ENABLE_CORE_DUMPS=false

 

# LIBHDFS_OPTS=-Djava.library.path=/usr/lib/impala/lib

MYSQL_CONNECTOR_JAR=/usr/share/java/mysql-connector-java.jar

IMPALA_BIN=/usr/lib/impala/sbin

IMPALA_HOME=/usr/lib/impala

HIVE_HOME=/home/cup/hive-0.10.0-cdh4.2.1

HBASE_HOME=/home/cup/hbase-0.94.2-cdh4.2.1

IMPALA_CONF_DIR=/etc/impala/conf

HADOOP_CONF_DIR=/etc/impala/conf

HIVE_CONF_DIR=/etc/impala/conf

HBASE_CONF_DIR=/etc/impala/conf

 

根据实际环境修改impala相关脚本文件/etc/init.d/impala-state-store、/etc/init.d/impala-server、/etc/init.d/impala-catalog,修改其中两处跟用户相关的地方:

DAEMON="catalogd"

DESC="Impala Catalog Server"

EXEC_PATH="/usr/bin/catalogd"

SVC_USER="cup"  ###编者注:这里默认是impala

DAEMON_FLAGS="${IMPALA_CATALOG_ARGS}"

CONF_DIR="/etc/impala/conf"

PIDFILE="/var/run/impala/catalogd-impala.pid"

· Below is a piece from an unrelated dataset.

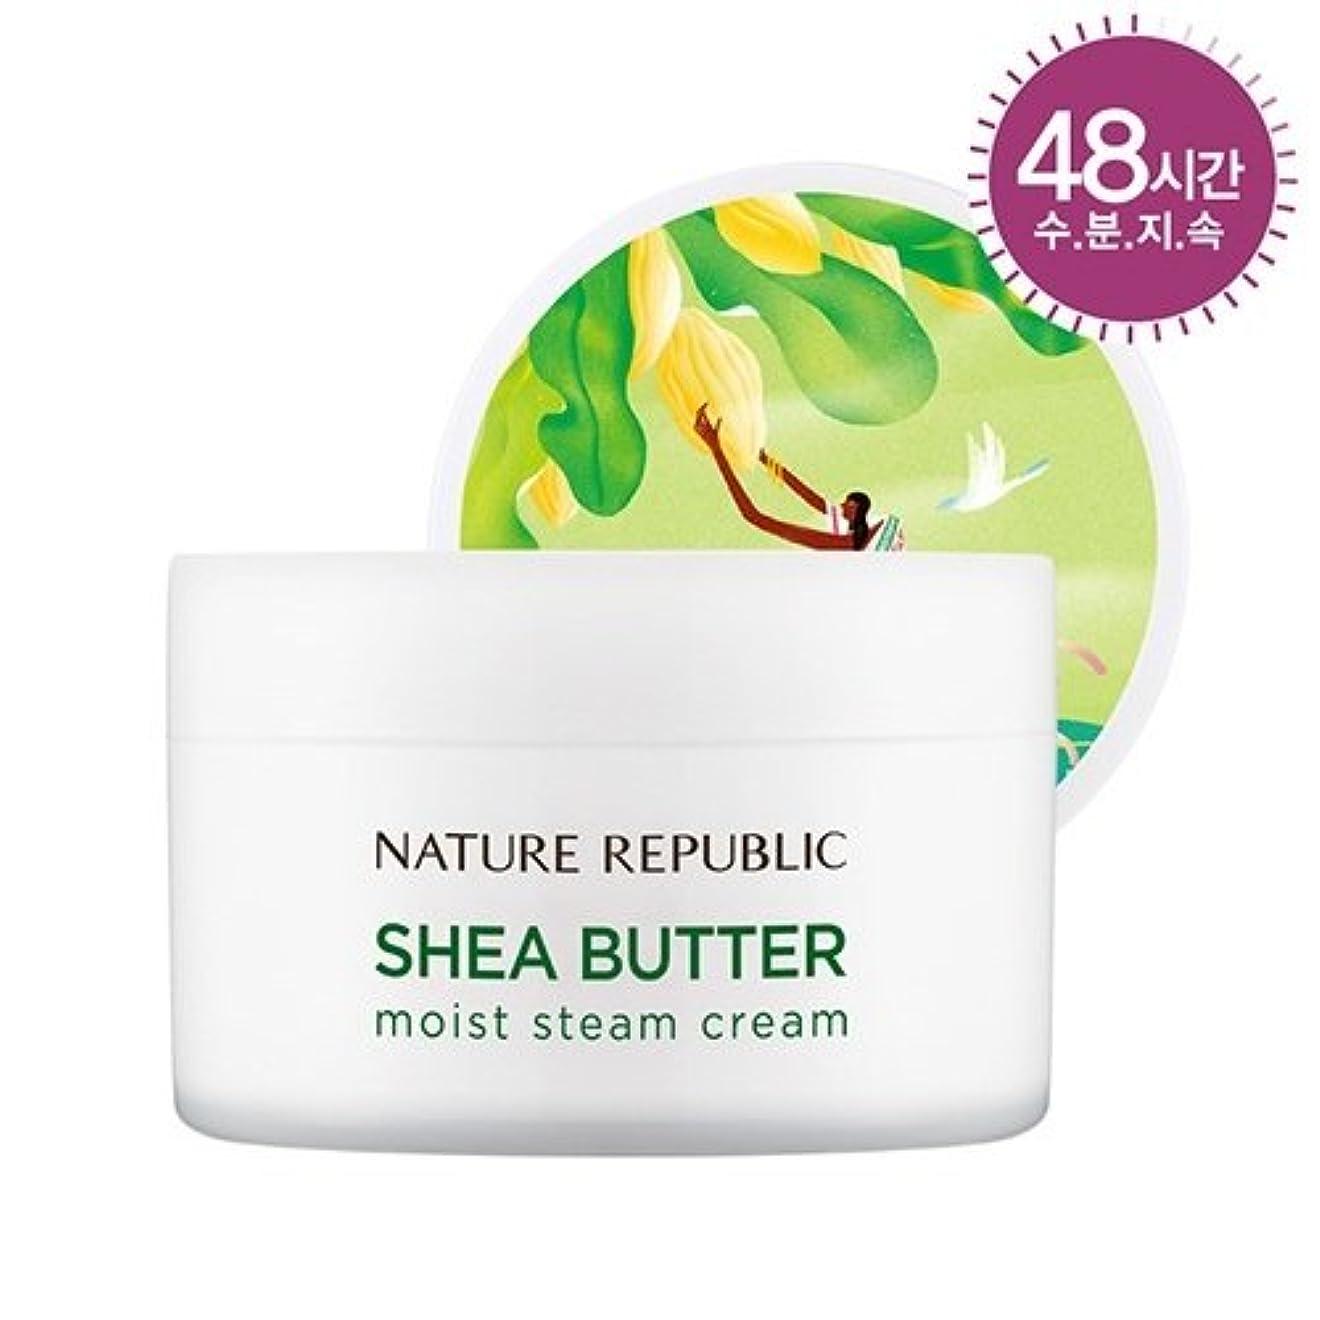 変化検出可能邪悪なNATURE REPUBLIC(ネイチャーリパブリック) SHEA BUTTER STEAM CREAM シアバター スチーム クリーム #モイスト乾燥肌

LOCKDIR="/var/lock/subsys"

LOCKFILE="$LOCKDIR/catalogd"

 

install -d -m 0755 -o cup -g cup /var/run/impala 1>/dev/null 2>&1 || :

[ -d "$LOCKDIR" ] || install -d -m 0755 $LOCKDIR 1>/dev/null 2>&1 || :

 

 

在hdfs上创建impala目录:

hadoop dfs -mkdir /user/impala

 

在每个节点上创建/var/run/hadoop-hdfs,因为hdfs-site.xml文件的dfs.domain.socket.path参数指定了这个目录:

[root@cup-slave-11 impala]# mkdir /var/run/hadoop-hdfs

 

将/var/run/hadoop-hdfs和/var/log/impala目录的所有权赋给cup账户和cup用户组,不然在启动impala-server的时候会出现异常4:

chown -R cup:cup /var/log/impala

chown -R cup:cup /var/run/hadoop-hdfs

启动Impala服务

启动namenode节点上impala的state-store服务:

sudo service impala-state-store start

启动namenode节点上impala的catalog服务:

sudo service impala-catalog start

启动datanode节点上impala的impala-server服务:

sudo service impala-server start

停止namenode节点上impala的state-store服务:

sudo service impala-state-store stop

停止namenode节点上impala的catalog服务:

sudo service impala-catalog stop

停止datanode节点上impala的impala-server服务:

sudo service impala-server stop

 

注意:少数情况下启动impala服务虽然没有明显的错误提示,但是也有可能并未启动成功,需要观察/var/log/impala中是否有error字样的错误日志,如果有的话需要进一步核查。

确认Impala正常使用

查看datanode上面的impala进程是否存在:

[cup@cup-master-1 ~]$ ps -ef|grep impala

cup       5522 45968  0 08:58 pts/25   00:00:00 grep impala

cup       8292     1  0 Mar27 ?        00:01:06 /usr/lib/impala/sbin/statestored -log_dir=/var/log/impala -state_store_port=24000

 

查看datanode上面的impala-server进程是否存在:

[cup@cup-slave-11 ~]$ ps -ef|grep impala

cup       15630  15599  0 09:24 pts/0    00:00:00 grep impala

cup      112216      1  0 Mar27 ?        00:01:15 /usr/lib/impala/sbin/impalad -log_dir=/var/log/impala -state_store_port=24000 -use_statestore -state_store_host=10.204.193.10 -be_port=22000

 

访问datanode上impala的web页面,默认端口25010:

  

访问datanode上面impala的web页面,默认端口25000:

 

在安装了impala-shell的节点执行sql语句:

[cup@cup-slave-11 ~]$ impala-shell

Starting Impala Shell without Kerberos authentication

Connected to cup-slave-11:21000

Server version: impalad version 1.2.4 RELEASE (build ac29ae09d66c1244fe2ceb293083723226e66c1a)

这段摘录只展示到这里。